Night Falls on Budapest: An Experiment in Broadcasting

I’ve been told to stay away from district eight; but I don’t suppose I’ll return home with impressions so graphic or lurid as to feel compelled to pen a thriller titled Murder in Budapest. BBC radio producer Val Gielgud did just that, back in 1937, after his return from the Hungarian capital. Val, brother of famed thespian Sir John Gielgud, was in town in the early fall of 1936 to accompany his colleague and friend Eric Maschwitz (both pictured above, on location) to “give a broadcasting impression of night-life in the Hungarian capital.”

Now, as I shared in one of the earliest entries into this journal, I have always been fascinated by these portraits in sound; and I intend to take my Micromemo iPod recorder around town to capture the city’s voices and noises, considering that there are plenty of photographers better qualified to supply the images; Zsolt’s splendid photo journal, for instance, to which I was referred after reading the impressions of an American visitor (attending an Arthur Miller play in Hungarian, no less).

“Budapest is—or was—a delightful and lovely city in which to spend a holiday,” Gielgud reminisced in his Years of the Locust (1947), a book I have raided on numerous occasions. He was not on holiday, though, and putting together a four-part radio documentary like Night Falls on Budapest in less than a fortnight proved a challenging undertaking. It “was an elaborate affair” that “began in old Buda, where up on the battlements Eric Maschwitz discoursed on their historic past to the accompaniment of the choir of the Garrison Church.” However enthusiastic and supportive, Hungarian broadcasters were ill equipped to handle the sound collages Gielgud and his crew had in mind.
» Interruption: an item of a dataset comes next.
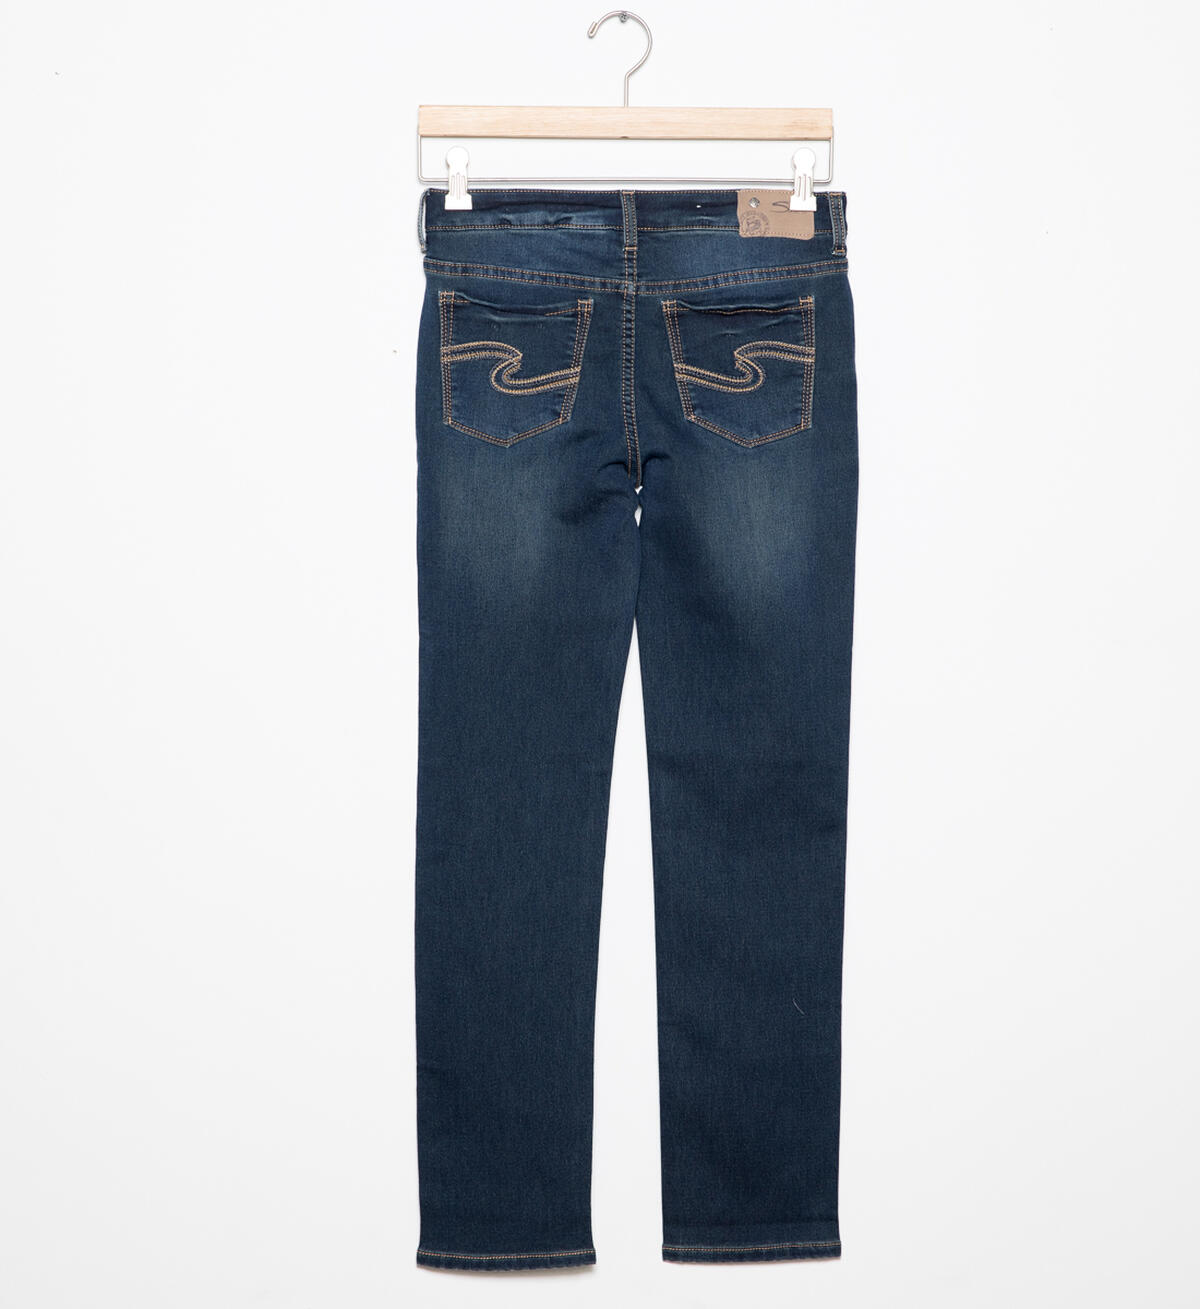 Nathan Skinny Jeans in Dark Wash (7-16), , hi-res image number 1

“There were, of course, compensations,” Gielgud conceded:

It was a new experience to be driven at speed in an official motor-car, with a flag flying on the bonnet, and motor-cyclist outriders clearing the way. Just for a moment one felt it might be fun to be a dictator after all! It was strange and rather exciting to be caricatured in the newspapers, and become a central figure in an anti-semitic “incident,” when a Jewish-owned dance band declined to take part in one of the programmes. It made one feel important to be told so often and so emphatically that one was contributing to an improvement in Anglo-Hungarian relations. And, for a short period, working against time and ‘off the cuff’ could not fail to be exhilarating, especially in such surroundings. But speaking for myself, the time came which I felt that I could not face one more glass of barack, listen to one more tzigane orchestra, nor conceal from one more patriotic Magyar my profound ignorance of the detail of the Treaty of Trianon. I was not exactly encouraged to be told, after the broadcast of the second programme of the four, that the Czechs, regarding the whole affair as a diabolical piece of pro-Hungarian propaganda, had interfered with the land-line carrying the programme through Prague, and most successfully ruined the transmission.

What Gielgud took away from the experience was the “very real camaraderie and mutual sympathy that immediately prevailed between professional broadcasters regardless of nationality.” So, I’m not sure why he ended up writing Murder in Budapest; but then again, even my neck of the woods has inspired a series of neo-noir thrillers, the most recent one being Don’t Cry for Me Aberystwyth by Malcolm Pryce (whose previous Louie Knight mystery I am clutching here).